— Data extract —
_ _ _ _

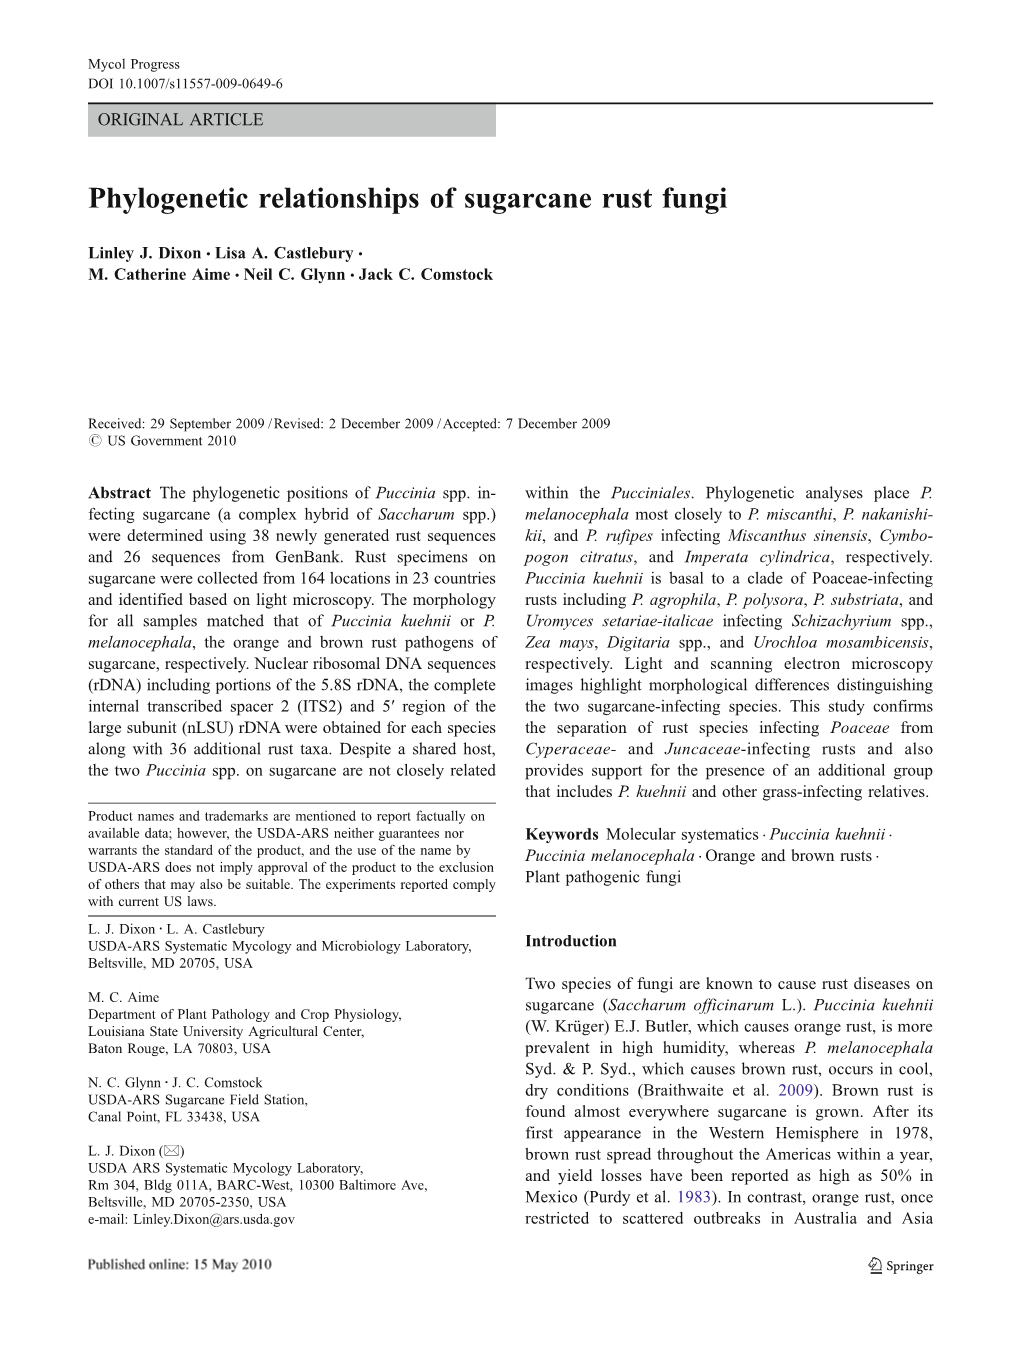 Phylogenetic Relationships of Sugarcane Rust Fungi
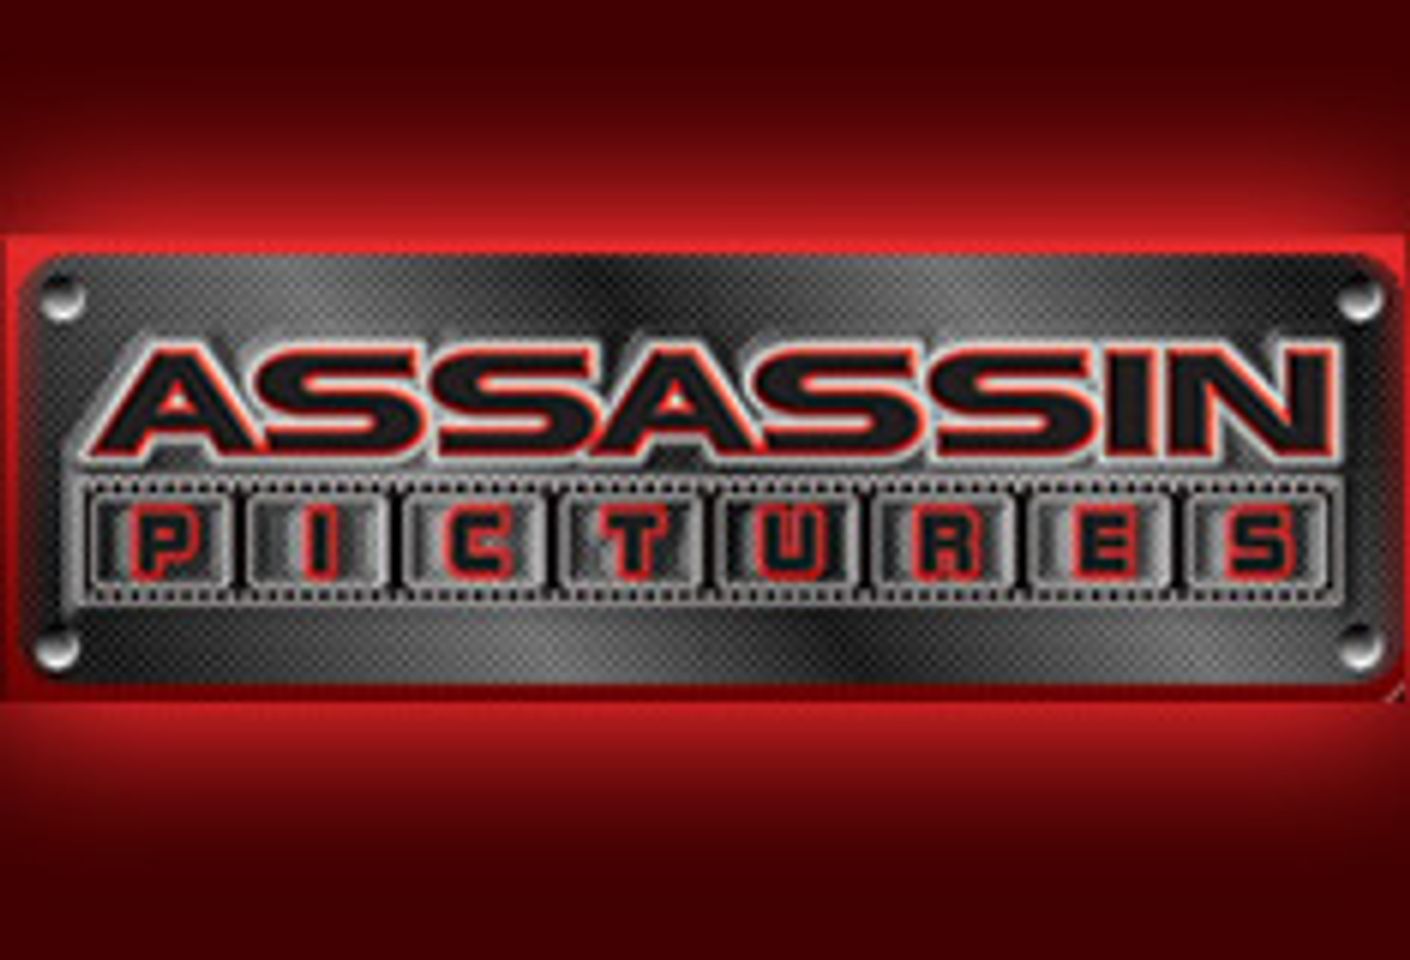 Assassin Pictures Adds PR Division
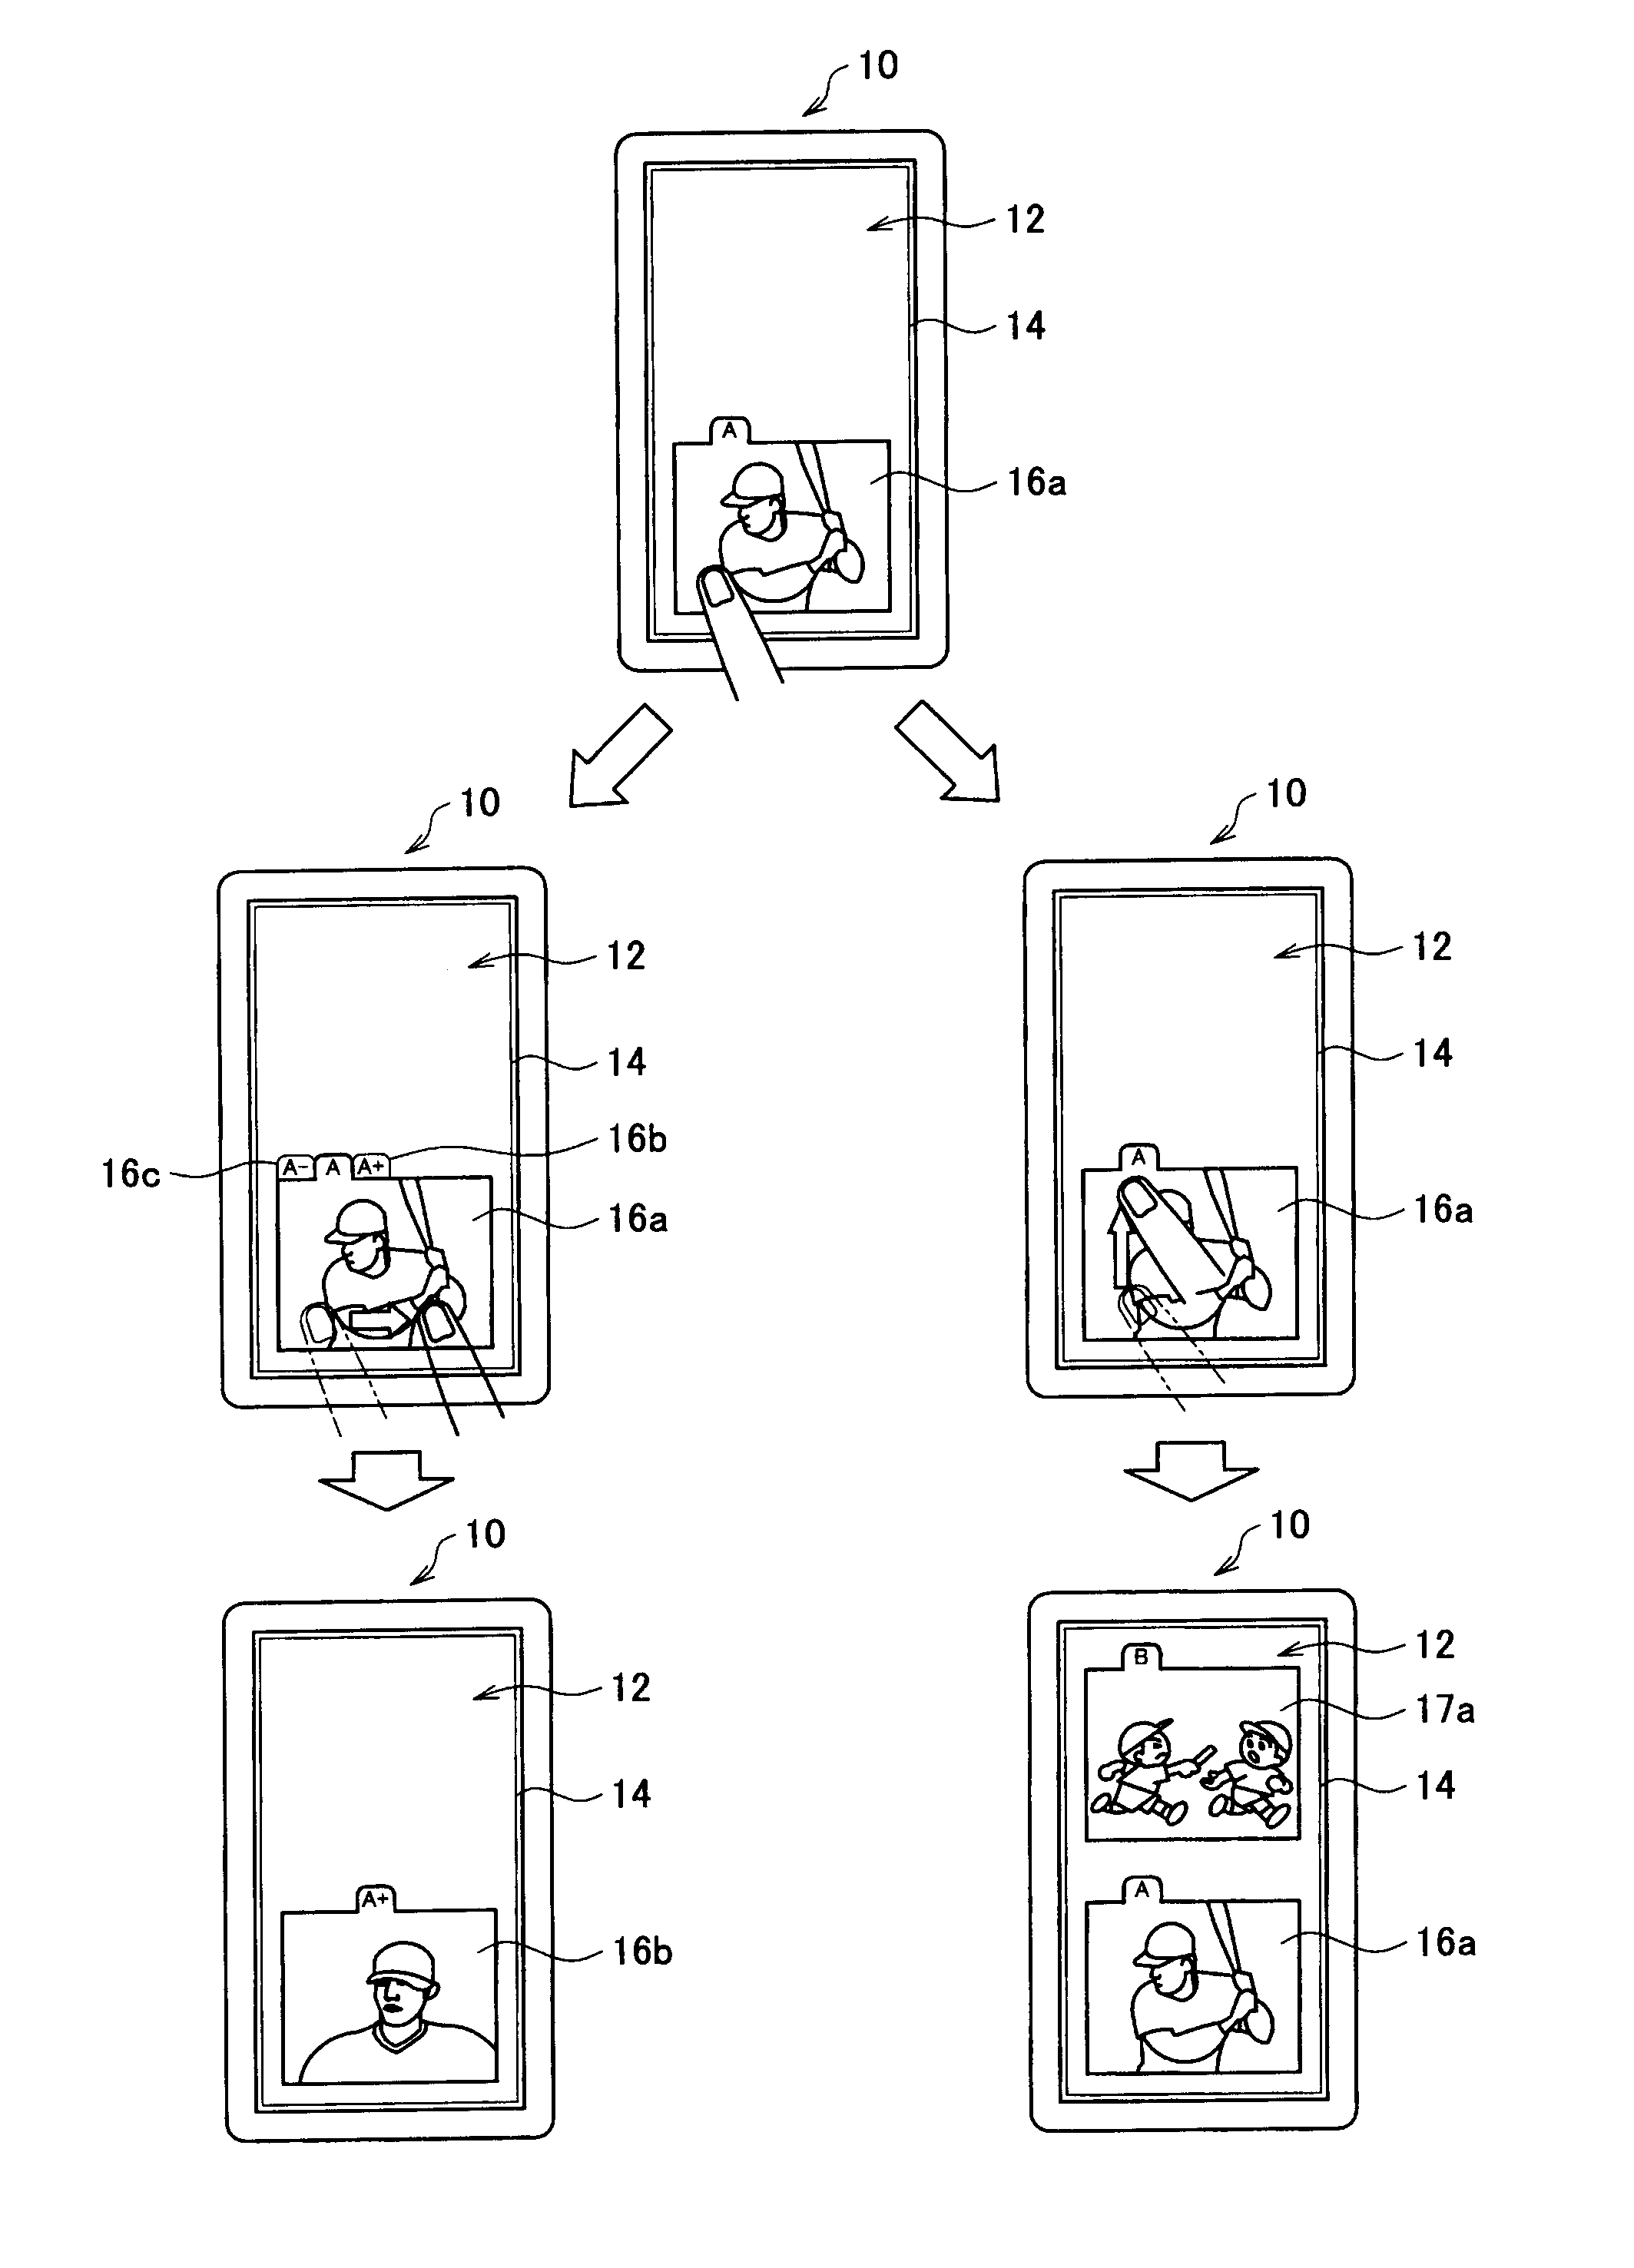 Display Apparatus, Display Method, and Program

_ _ _ _

— Task directions —
Print all of the data exactly, and do not carry over any pictures.

— Answer space —
 Phylogenetic Relationships of Sugarcane Rust Fungi
 Assassin Pictures Adds PR Division
 Display Apparatus, Display Method, and Program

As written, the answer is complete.